Well how bout just saying thank you and taking it back to the store.. tell them it was a gift if it all has tags on it and see what sort of credit u will get. U may not get how much was spent but u r able to pick out your own things. Or say next time you go can I go with you.. as for the doing your laundry and cleaning things I'm sure again if she is there to babysit and that's when she does it then be greatful for the help because I'm sure that's all its meant to be.. rearranging is a different story and the goodies u have to put your foot down and say absolutely no more is allowed in the house because you don't want your family eatting that way. Tell her she is overstepping the boundaries and that she is not allowed to bring it. End of story.. but again if she is there all the time babysitting she is going to do it. Tell your bf how u feel about your daughter eatting it and that you don't want it around the house. Good luck
Awww im glad its not just me that looks like i dont "appreciate" anything lol it really does make me feel better that there are other familys like this ;) and i agree not everything is bad but its the big stuff that gets to me... the stuff that i as her mom am obviously gonna get (like the seasonal stuff) my SIL doesnt give the option for me to disagree she has ways of wording things where there isnt an option...like i said she tells me never asks...
For example one of my friends had a cute photo shoot done and my SIL said something about "Allisa is gonna get those done" and my reply was oh well we will see... her reply "no she will be getting them done" like really... im the mom ya know lol
But thanks for making me feel better, im just stressed... im mostly upset my BF didnt back me up and after his mom left he called me a "meany" in joking way but i already felt bad ya know... these darn crazy ppl, its true, you can choose your friends... not your family lol and these hormones... i feel like im losing my mind over nothing? lol like i should go get myself admitted or something... its almost nap time here and i cant wait! i think i need more sleep :) and again, thanks for listening to the crazy lady rant!!
And thanks to everyone else who took time to reply... i needed a good vent and nobody was answering their phones last night lol so im glad i can come here... i am feeling better about it and the more i think about it, i think it was better i said it that way then some of the ways i invisioned telling them LOL so whatever its all said and done... just have to see if they listen or just ignore me like every other time i try to say something :) but i agreee my BF needs to step up and we have talked about it and he so failed the test!

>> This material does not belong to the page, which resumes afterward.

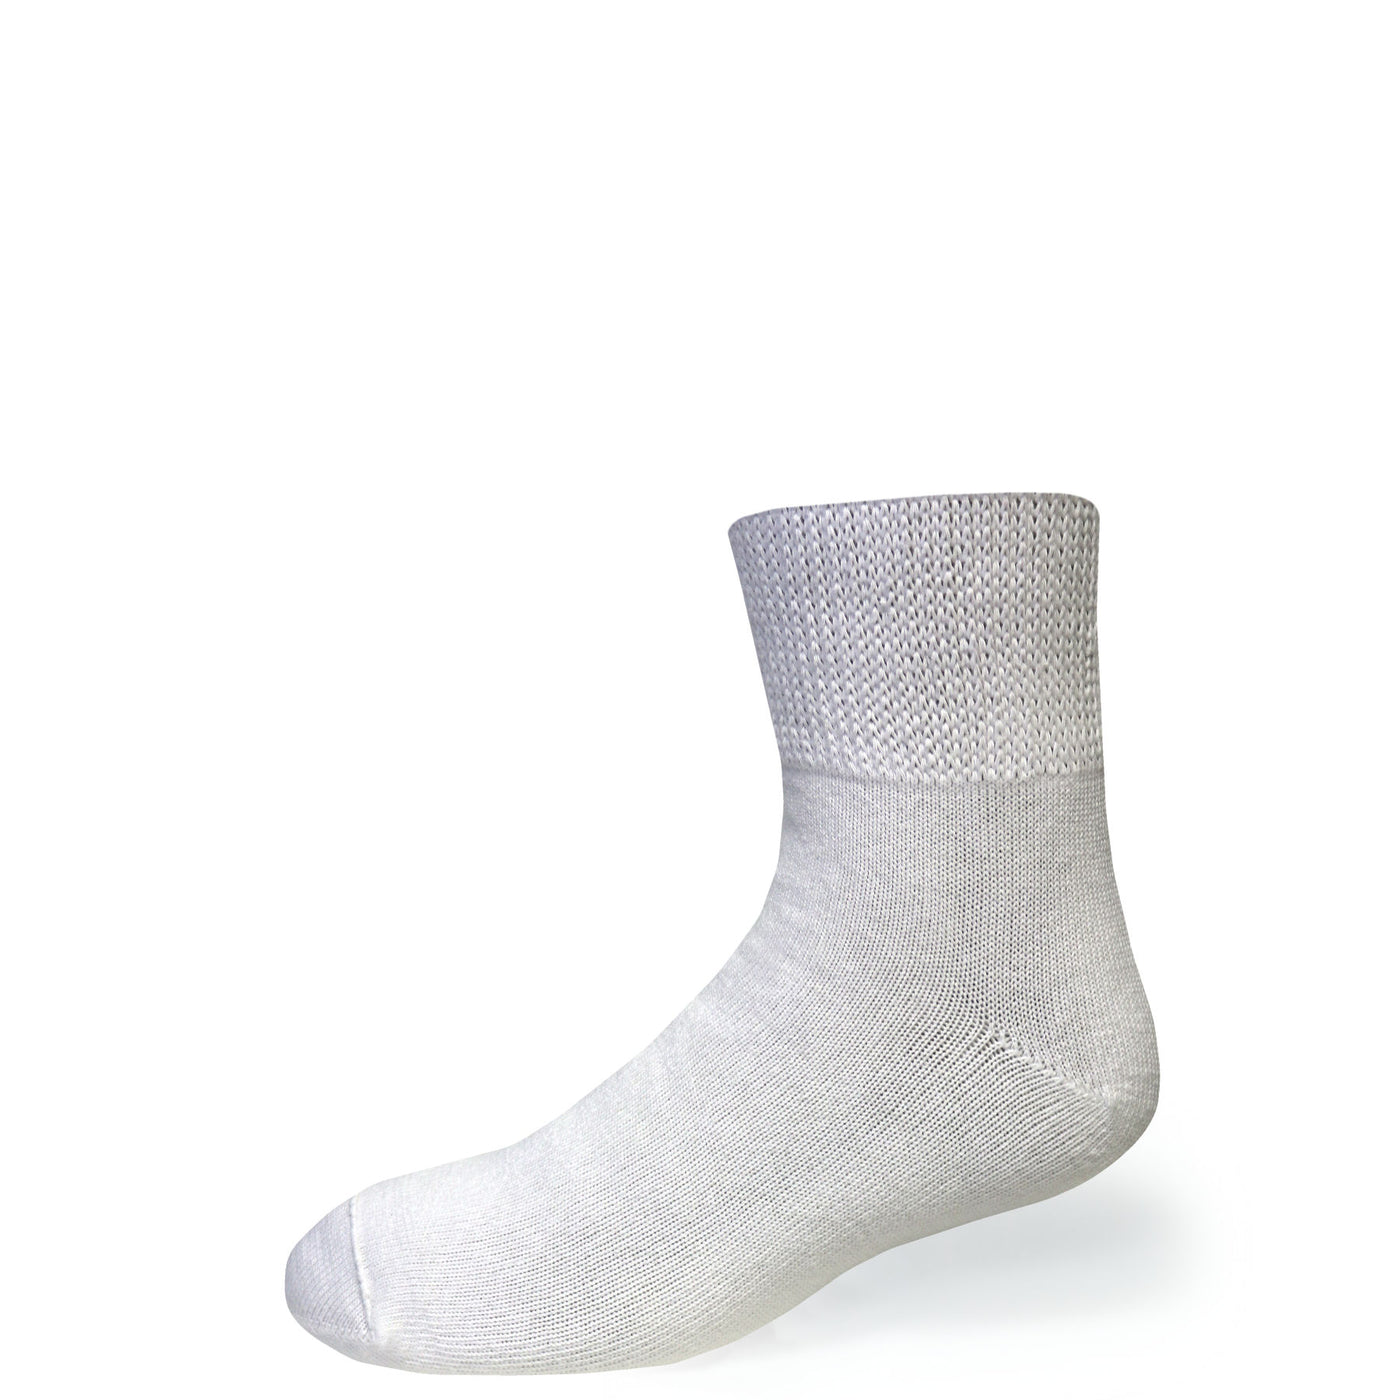 Bigger Big Foot Comfort Cotton Diabetic Quarter Socks

I know!!! I was sooo annoyed abt it!! And to top it off, I have to go over to my sil house to pick it up bc she wants to see me open it!! My major prob is my emotions show on my face no matter how hard I try to keep it in check!! I can guarrentee I'm not gonna like it n she gonna get mad at me!! She did this kind of thing back when hubby n I were engaged too!! She bought me a nightie and in conversation I mentioned I don't care for the nighties with shorts, id rather have a gown, well she had bought me one with shorts!!! Ha* she litterally went to her room n got them and threw it at me!! Lol..;-) she has a bad temper!! She buys for our girls all the time and sometimes its really good stuff, but those times its not are always bad!! I've been told I don't appreciate anything!!! =)
i dont think i could handle someone else picking out my diaper bag lol thats like a purse... and it depends on how you organize your stuff! actually my diaper bag is a purse! just have to make sure it has pockets on the ends for bottles :)

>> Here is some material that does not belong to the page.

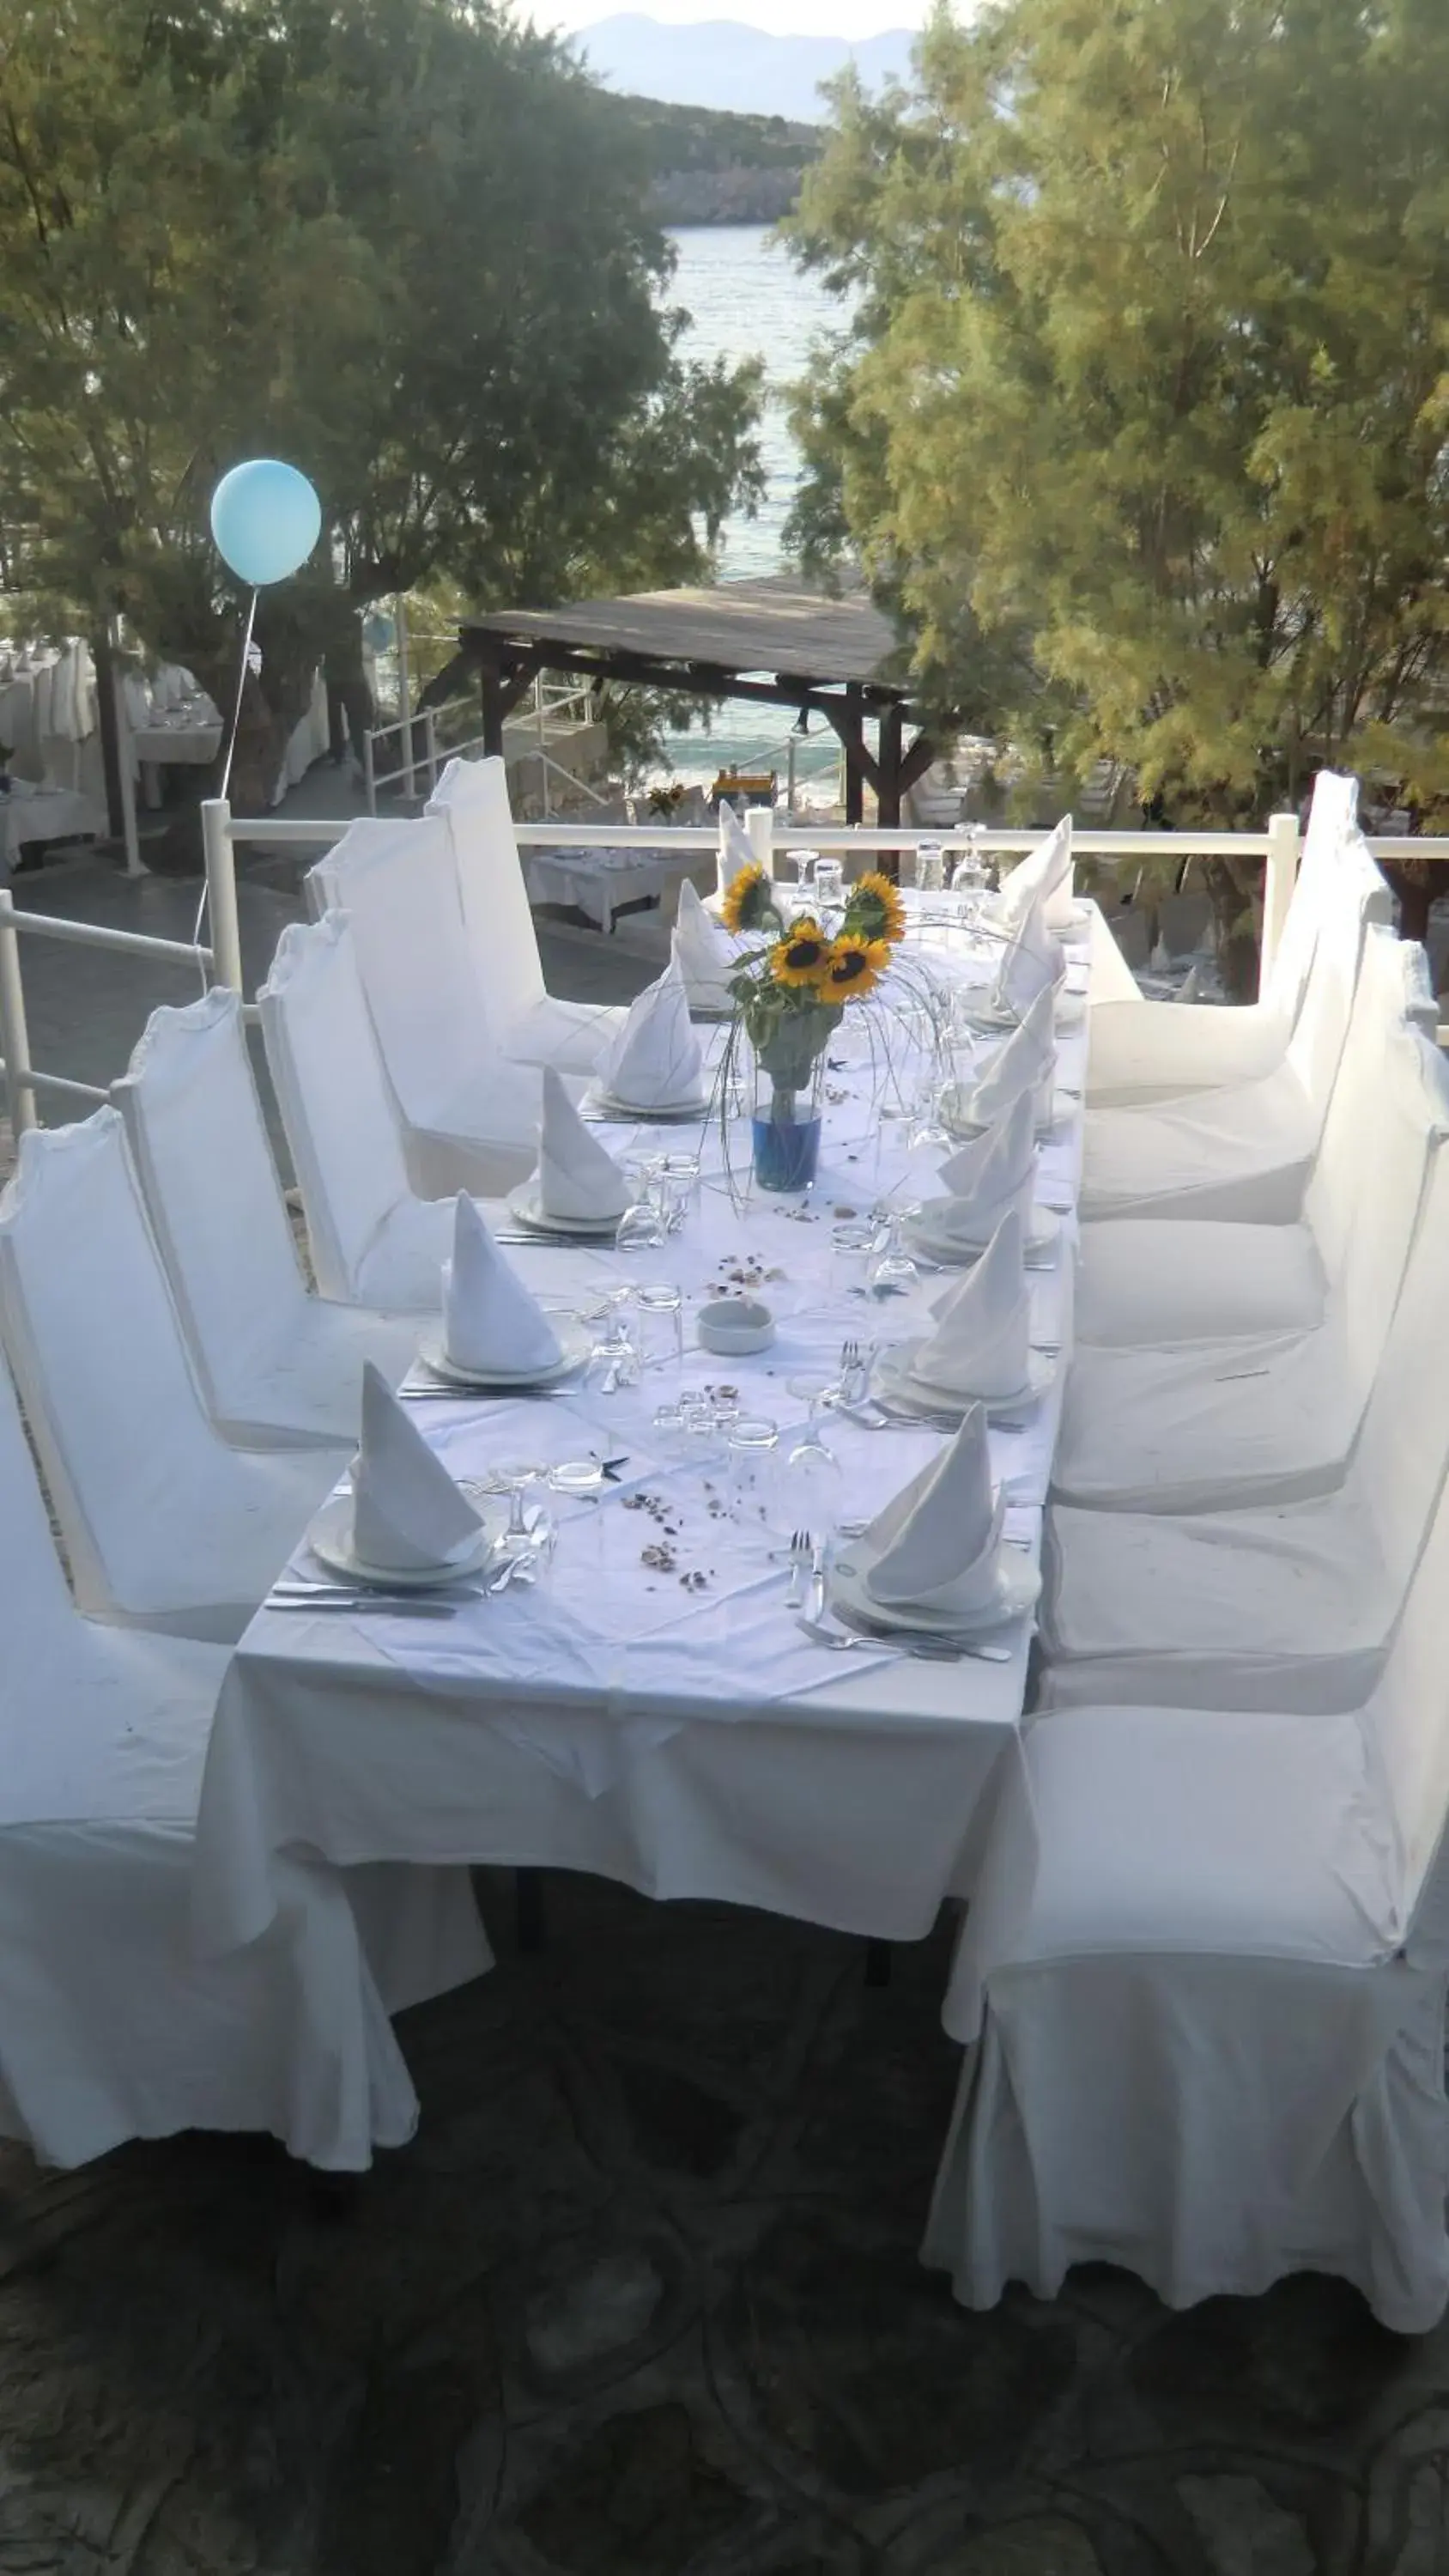 Banquet/Function facilities, Banquet Facilities in Istron Bay Hotel

Okay so ive had a sleep and im still feeling a lil crappy about it, i am glad i held back and i did say it in a nice way... i really could have been worse...
So it doesnt just go from how much they over step in my daughters life they are way to much in my BFs life and my daughter is kinda the last bit if sanity i have left... The farm we are on was my BFs parents so my MIL still very much walks in here and does whatever she wants, she doesnt think twice about doing my BFs laundry, the towels, or my daughters clothes, for the most part she does stay away from mine UNLESS its in the dryer then she will fold it!(yep fold my undies! im 27!) I hate this i have certain ways of folding and putting away stuff and they fold stuff really sloppy then dont put it in the right spots and i have to go reorganize my stuff after they have been here.... My BF is gonna be 33 this year! he isnt a batchlor, the laundry isnt outta control! there is no reason for her to do this!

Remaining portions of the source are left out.